The government has not yet woken up to the needs of the pupils in this scenario. The worst sufferers are the economically weaker sections of society (which are roughly 85% or near about in India considering their capacity to pay for education in an average Public School). A child deprived of quality education is a permanent cripple, who shall ever stay economically challenged in life. Its negative fallout is that failed education drives such children into a life of crime early in life, as needs have to be met. In the absence of education, it is well-nigh impossible to apply ethics while making choices while one is struggling for even bare survival. Sustainable development and growth for one section of the society and sustained decline for the other but major section of society can, perhaps, not survive together in harmony!

There is a need to devise a digital education system for sustainable education for all. It is cheaper and more productive, especially when technology is going to change the system of education by eliminating the printed book, substituting it by e-book. Uniformity of lessons, in interactive mode, will save the children from the vagaries of the teachers’ own education levels and skills. Mathematics or English, and all other subjects, can be taught in the engrossingly interesting manner through computers. Let hubs be established in the first instance, where children could pose their problems and seek solutions. The innate intelligence of the human brain is bound to spur the child to learn fast and assimilate the knowledge added by such learning.

There is nothing called difficult to students when the teachers take it upon themselves to work with them in full dedication. Such teachers handle each child individually even when they teach a group of 30-40 students in a class. They are involved with each student in learning and devise innovative methods of communicating with each pupil effectively. The different treatment given to students of different level of absorption in the same class makes it possible to work in this way. The result is success for all. Such teachers are fondly and respectfully remembered by their students throughout their life. As this breed of teachers is rare, they are valued. However, in the current job scenario, teaching is taken up by those without any passion for teaching. I would say only this: teachers in any society must be the highest paid. Do that and see the force of energy that will be unleashed. It will take India not more than two decades to reach the highest level of advancement in the world. I make this statement on the strength of observing the dedication of my own teachers in government schools.  college  and university. It gets further support from my own experience of a college Lecturer (Associate Professor), where I successfully experimented with teaching methodology described in the foregoing . I would perhaps not changed my profession, but for better prospects and opportunities of public service as a Civil Servant. In this I am not alone. I found more than 40% of my colleagues had been Lecturers before changing over to Civil Services (actually qualifying in the Indian Administrative Service Etc examination was “masculine” in those times).

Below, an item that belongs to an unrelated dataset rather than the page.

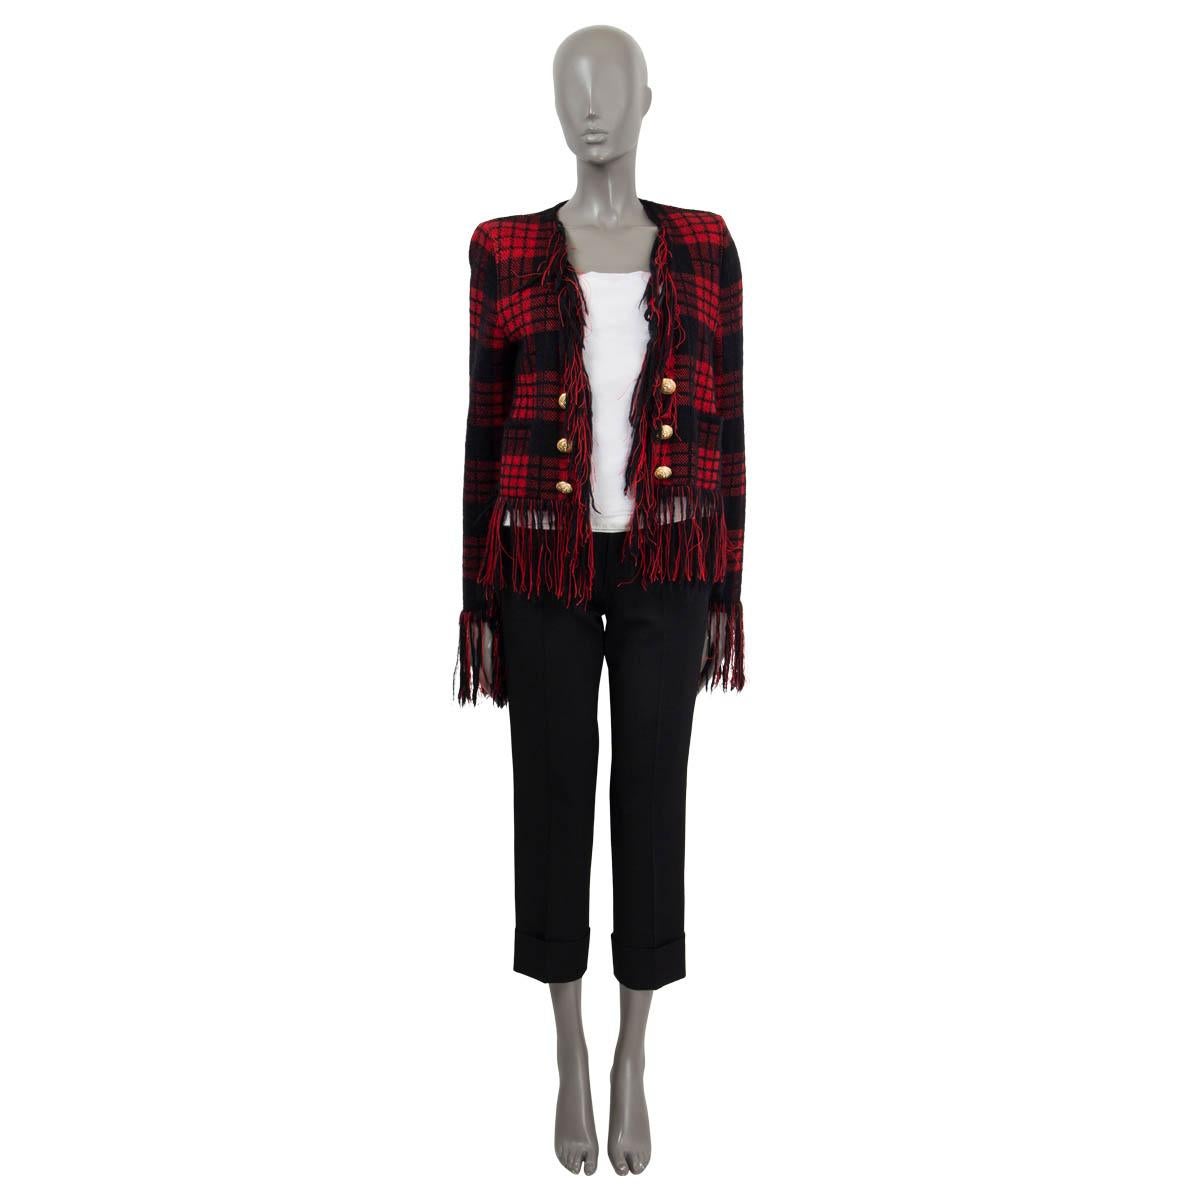 100% authentic Balmain open knit jacket in black and red mohair (30%), wool (29%), viscose (28%) and polyamide (13%). Features a fringed hemline and cuffs. Has padded shoulders, two front patch pockets and six Balmain signature buttons on the front.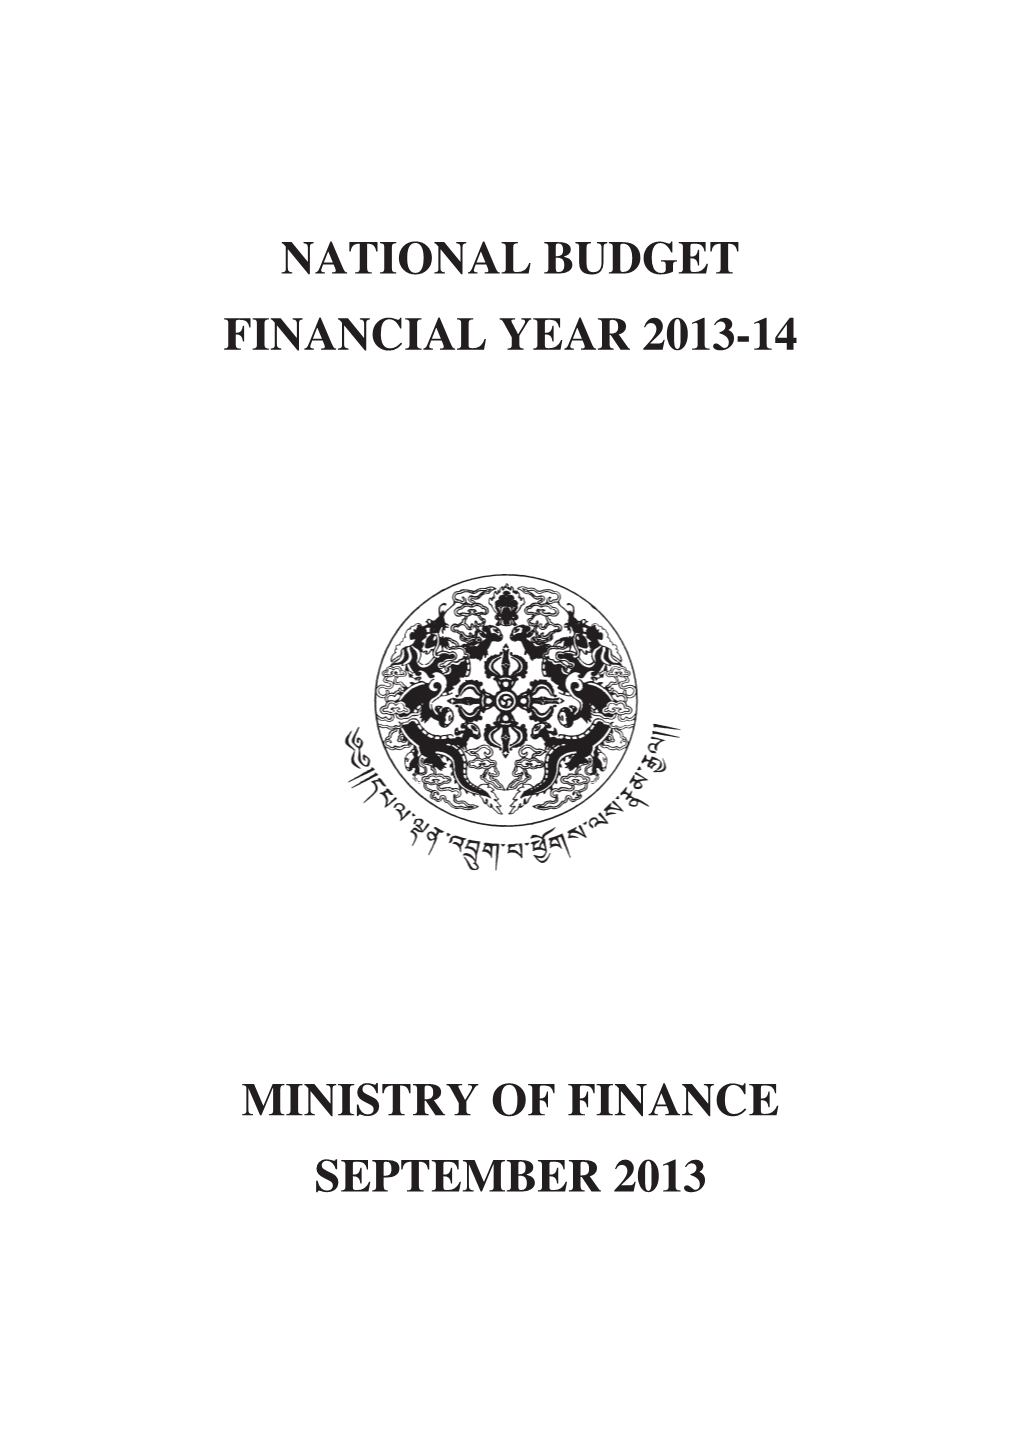 National Budget Financial Year 2013-14 Ministry of Finance

Education at primary level in India is primitive. We are wasting money and manpower. Such education at best turns out in millions graduates who are not employable at all. We cannot rest by simply providing more funds. We have to impart professionalism to teaching. We need to raise the stature of education and the educator. The teacher should be able to feel proud of his/her profession. How? The answer lies in a counter question: how does a bureaucrat feel proud of his profession? While a teacher may be a brilliant mind, with a research bent, the bureaucrat may only be a mediocre graduate. But the careers of the two are vastly different: one feels proud and the other humble.

 

So in the ultimate analysis the fault is not that of the pupil, but of the denial of quality education to him/her. If we mean to provide them equal opportunities, we must move fast in the direction, starting with the suggestions made above.